[Records from a dataset]
──────

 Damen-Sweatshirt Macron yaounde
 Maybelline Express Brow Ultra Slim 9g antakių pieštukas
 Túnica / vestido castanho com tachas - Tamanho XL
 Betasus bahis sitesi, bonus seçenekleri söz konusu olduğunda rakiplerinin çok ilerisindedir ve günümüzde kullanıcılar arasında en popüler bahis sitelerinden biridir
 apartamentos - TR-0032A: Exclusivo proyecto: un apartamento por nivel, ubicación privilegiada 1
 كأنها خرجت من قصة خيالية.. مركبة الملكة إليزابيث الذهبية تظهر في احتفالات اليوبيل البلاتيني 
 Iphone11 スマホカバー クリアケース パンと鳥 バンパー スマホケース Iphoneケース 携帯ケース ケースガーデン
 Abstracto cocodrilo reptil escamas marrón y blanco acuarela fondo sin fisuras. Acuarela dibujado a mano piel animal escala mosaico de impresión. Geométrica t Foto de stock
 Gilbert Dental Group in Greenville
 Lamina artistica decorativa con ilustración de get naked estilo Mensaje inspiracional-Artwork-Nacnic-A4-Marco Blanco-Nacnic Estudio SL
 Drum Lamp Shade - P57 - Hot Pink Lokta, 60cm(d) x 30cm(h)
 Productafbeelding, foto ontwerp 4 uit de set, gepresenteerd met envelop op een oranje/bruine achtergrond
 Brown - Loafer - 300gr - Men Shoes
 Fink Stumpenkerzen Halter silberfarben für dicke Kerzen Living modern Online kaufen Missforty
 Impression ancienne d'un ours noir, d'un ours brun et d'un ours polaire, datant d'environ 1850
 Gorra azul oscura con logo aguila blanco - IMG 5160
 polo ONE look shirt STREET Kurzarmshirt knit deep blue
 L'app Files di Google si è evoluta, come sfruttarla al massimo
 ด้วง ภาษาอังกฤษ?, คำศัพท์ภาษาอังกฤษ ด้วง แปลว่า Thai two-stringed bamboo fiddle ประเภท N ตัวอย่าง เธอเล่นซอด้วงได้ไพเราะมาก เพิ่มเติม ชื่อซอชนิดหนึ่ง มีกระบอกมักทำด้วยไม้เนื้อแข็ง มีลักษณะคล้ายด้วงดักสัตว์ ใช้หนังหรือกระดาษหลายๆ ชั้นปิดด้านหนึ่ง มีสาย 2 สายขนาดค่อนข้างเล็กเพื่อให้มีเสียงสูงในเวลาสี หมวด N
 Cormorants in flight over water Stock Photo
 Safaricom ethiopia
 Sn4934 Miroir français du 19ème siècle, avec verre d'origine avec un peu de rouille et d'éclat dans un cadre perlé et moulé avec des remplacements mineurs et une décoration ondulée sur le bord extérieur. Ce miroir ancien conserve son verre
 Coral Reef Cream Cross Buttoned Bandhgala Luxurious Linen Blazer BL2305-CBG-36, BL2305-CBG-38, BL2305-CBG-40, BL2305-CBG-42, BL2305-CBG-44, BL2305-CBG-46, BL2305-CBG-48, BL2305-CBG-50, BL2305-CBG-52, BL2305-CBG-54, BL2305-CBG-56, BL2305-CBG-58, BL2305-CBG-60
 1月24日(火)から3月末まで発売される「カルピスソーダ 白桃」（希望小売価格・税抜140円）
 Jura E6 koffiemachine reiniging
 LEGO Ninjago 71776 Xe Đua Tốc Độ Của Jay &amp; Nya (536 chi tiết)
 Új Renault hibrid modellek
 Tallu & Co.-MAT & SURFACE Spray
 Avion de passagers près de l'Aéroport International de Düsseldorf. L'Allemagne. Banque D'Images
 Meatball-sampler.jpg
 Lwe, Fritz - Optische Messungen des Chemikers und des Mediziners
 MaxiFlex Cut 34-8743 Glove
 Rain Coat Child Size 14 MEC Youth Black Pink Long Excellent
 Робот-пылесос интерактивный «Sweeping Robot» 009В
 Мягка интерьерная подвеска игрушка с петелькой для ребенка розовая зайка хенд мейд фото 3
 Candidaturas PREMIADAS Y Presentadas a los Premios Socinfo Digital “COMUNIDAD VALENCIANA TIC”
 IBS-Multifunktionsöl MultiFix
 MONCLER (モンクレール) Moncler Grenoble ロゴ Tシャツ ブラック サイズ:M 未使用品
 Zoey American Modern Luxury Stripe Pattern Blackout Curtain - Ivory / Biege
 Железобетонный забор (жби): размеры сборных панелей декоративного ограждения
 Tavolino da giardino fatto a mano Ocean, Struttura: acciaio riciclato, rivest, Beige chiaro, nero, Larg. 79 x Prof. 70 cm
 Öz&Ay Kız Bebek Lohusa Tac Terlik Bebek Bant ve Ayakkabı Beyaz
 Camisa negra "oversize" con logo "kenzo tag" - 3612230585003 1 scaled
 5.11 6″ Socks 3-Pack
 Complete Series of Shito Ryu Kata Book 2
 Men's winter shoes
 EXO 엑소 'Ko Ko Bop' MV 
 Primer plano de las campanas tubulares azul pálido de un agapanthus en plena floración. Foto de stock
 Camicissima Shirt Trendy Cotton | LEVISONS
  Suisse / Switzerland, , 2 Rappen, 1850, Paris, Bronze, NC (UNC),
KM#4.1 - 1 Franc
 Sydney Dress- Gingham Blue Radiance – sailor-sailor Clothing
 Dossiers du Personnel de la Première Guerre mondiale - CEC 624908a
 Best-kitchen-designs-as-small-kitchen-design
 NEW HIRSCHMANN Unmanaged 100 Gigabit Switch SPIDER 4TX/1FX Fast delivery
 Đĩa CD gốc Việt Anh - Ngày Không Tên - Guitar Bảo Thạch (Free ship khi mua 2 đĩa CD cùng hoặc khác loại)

──────

Look for the word "azul" in the data, then return every line that contains it.

**Response for this exercise**
 Gorra azul oscura con logo aguila blanco - IMG 5160
 Primer plano de las campanas tubulares azul pálido de un agapanthus en plena floración. Foto de stock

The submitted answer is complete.